Provided data:
Start of Block

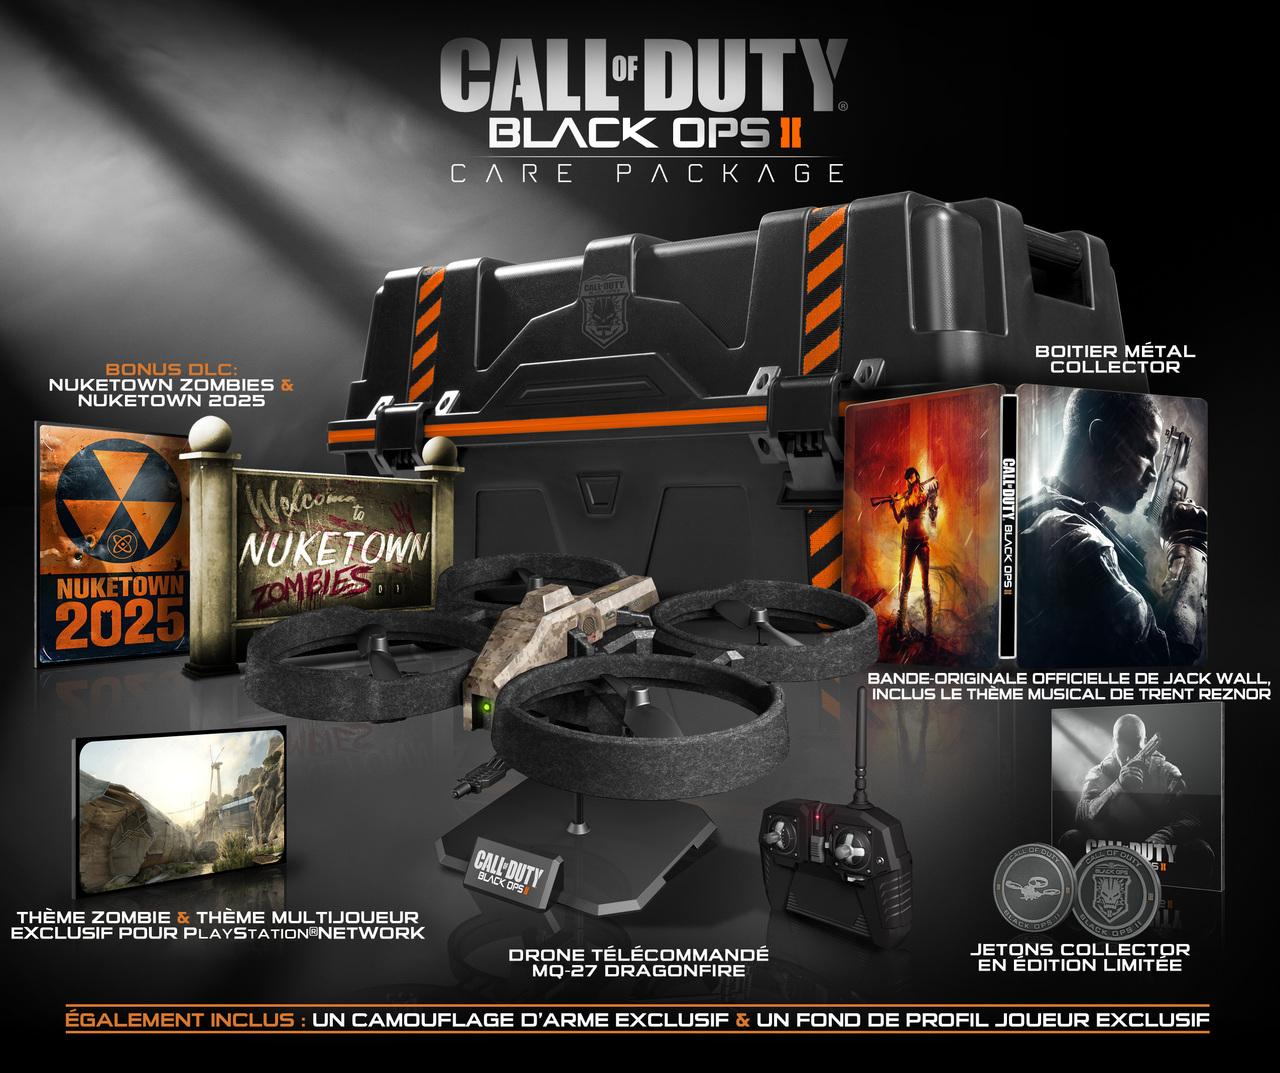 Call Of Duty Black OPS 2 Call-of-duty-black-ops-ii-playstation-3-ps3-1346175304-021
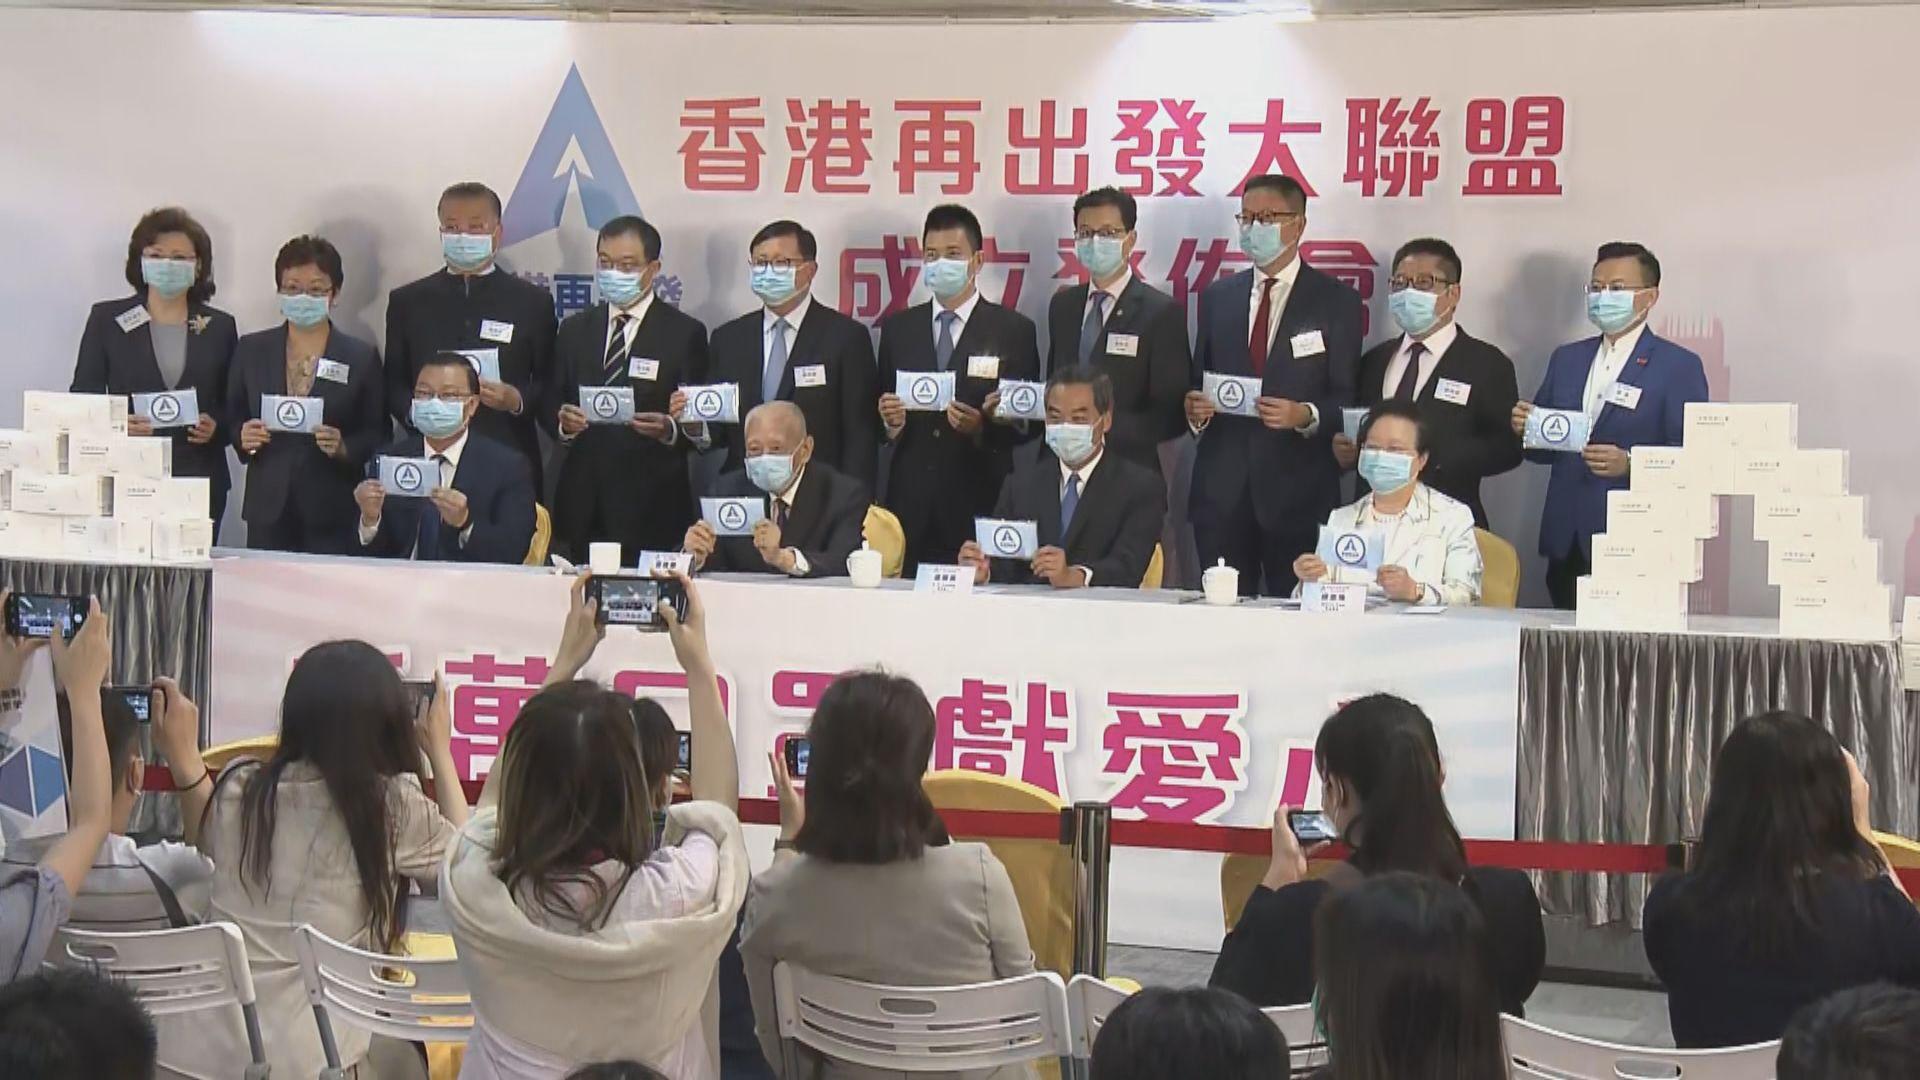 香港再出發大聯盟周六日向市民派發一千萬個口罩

End of Block
Start of Block

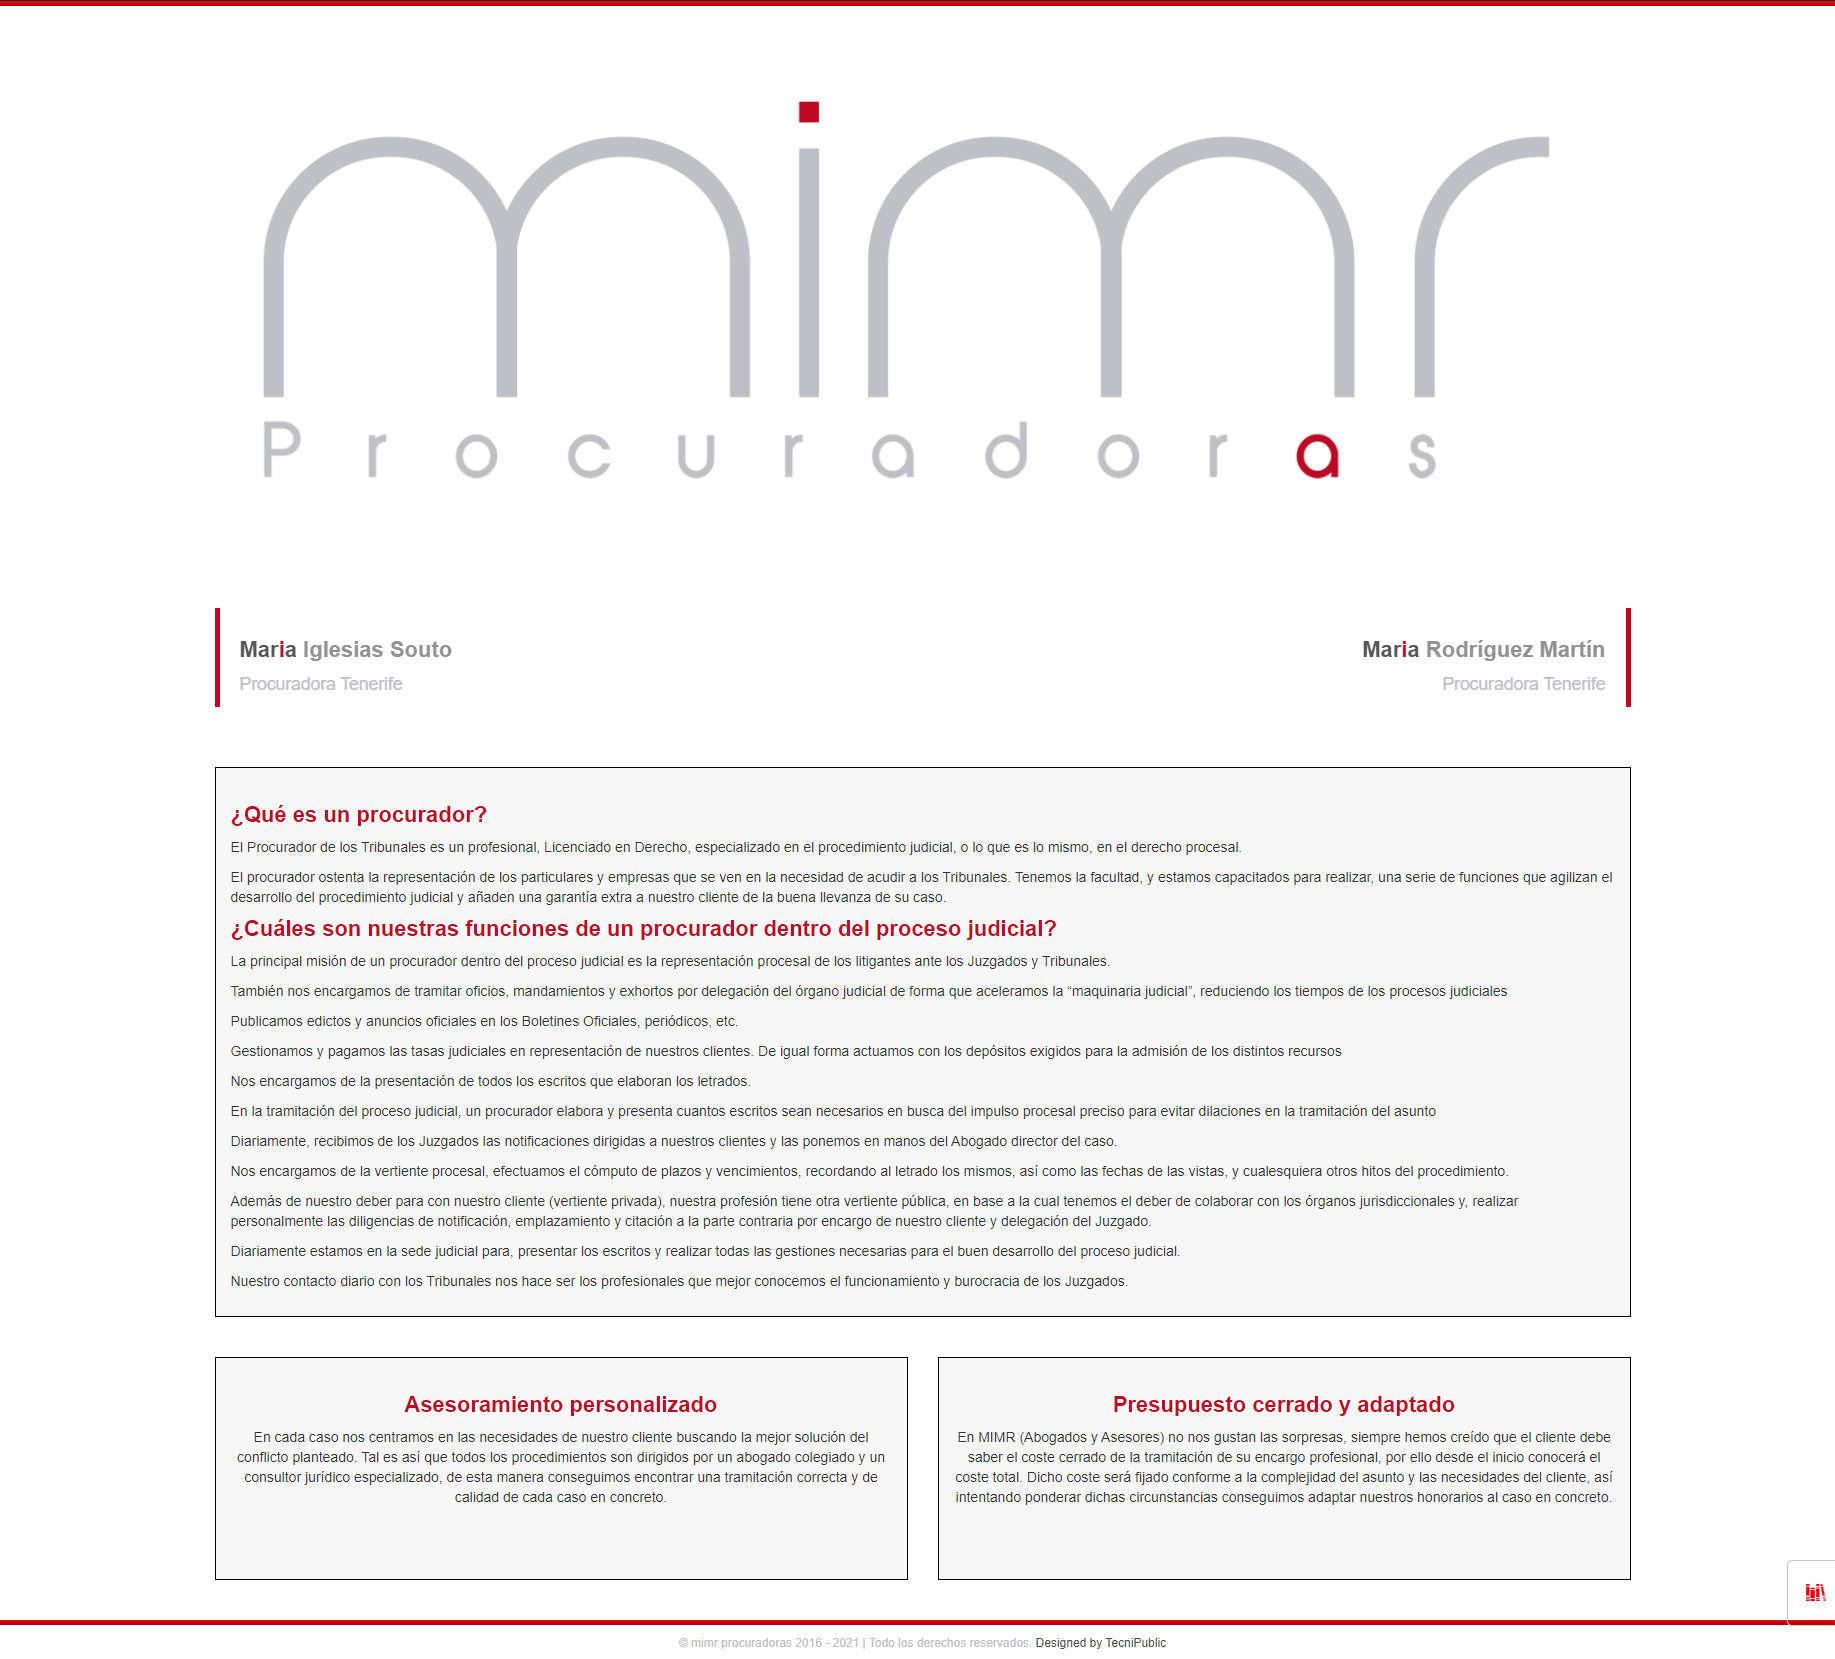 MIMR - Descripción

End of Block
Start of Block

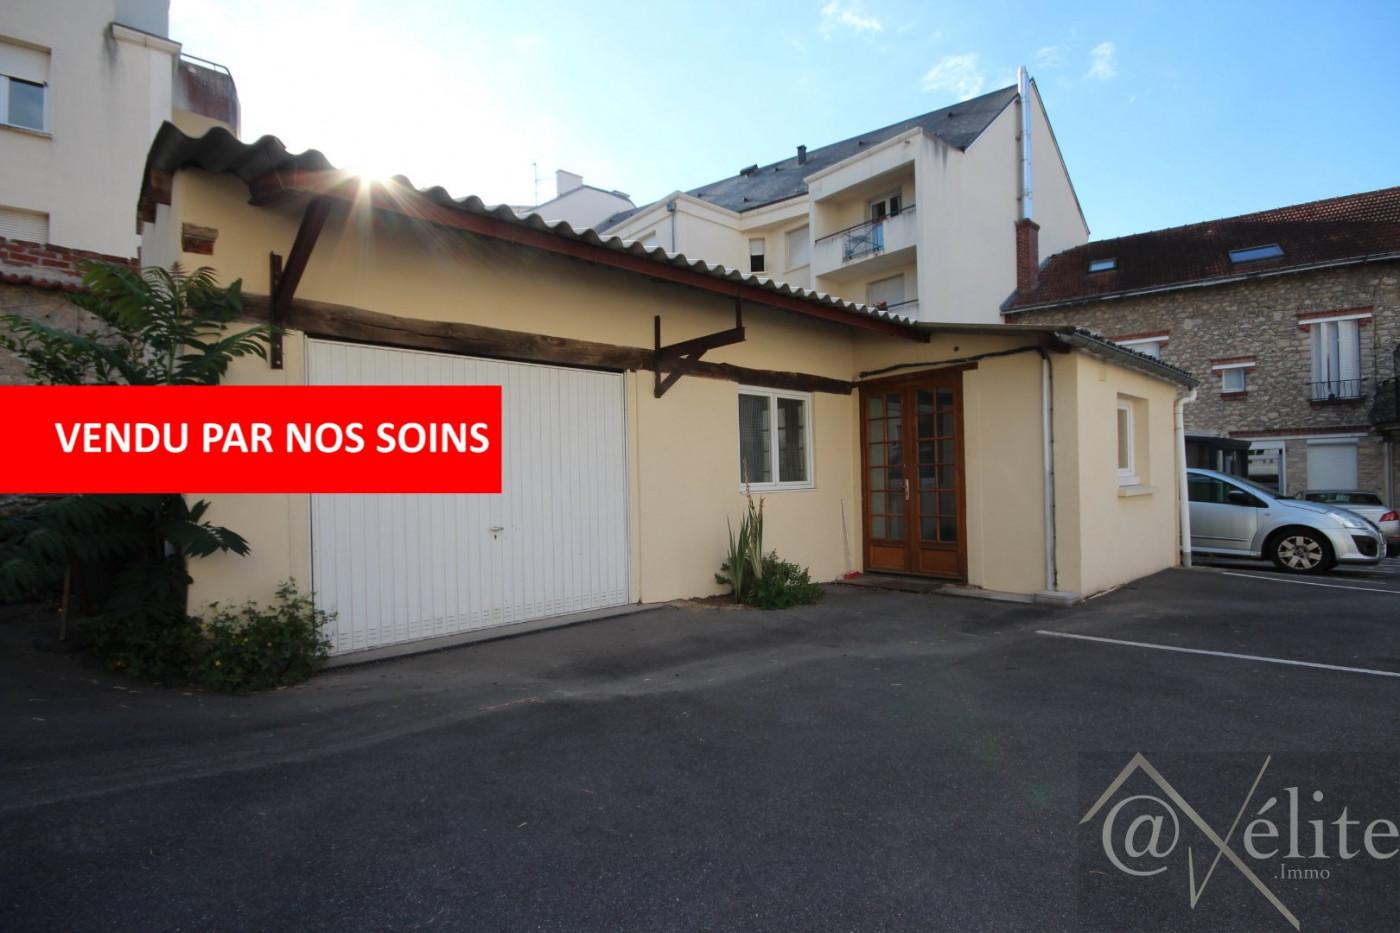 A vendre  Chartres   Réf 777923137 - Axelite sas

End of Block

Aim of the task: The answer is the lines above from the one with "Call Of Duty" to the one with "香港再出發大聯盟周六日向市民派發一千萬個口罩", set down exactly, with no pictures.

Answer area:
 Call Of Duty Black OPS 2 Call-of-duty-black-ops-ii-playstation-3-ps3-1346175304-021
 香港再出發大聯盟周六日向市民派發一千萬個口罩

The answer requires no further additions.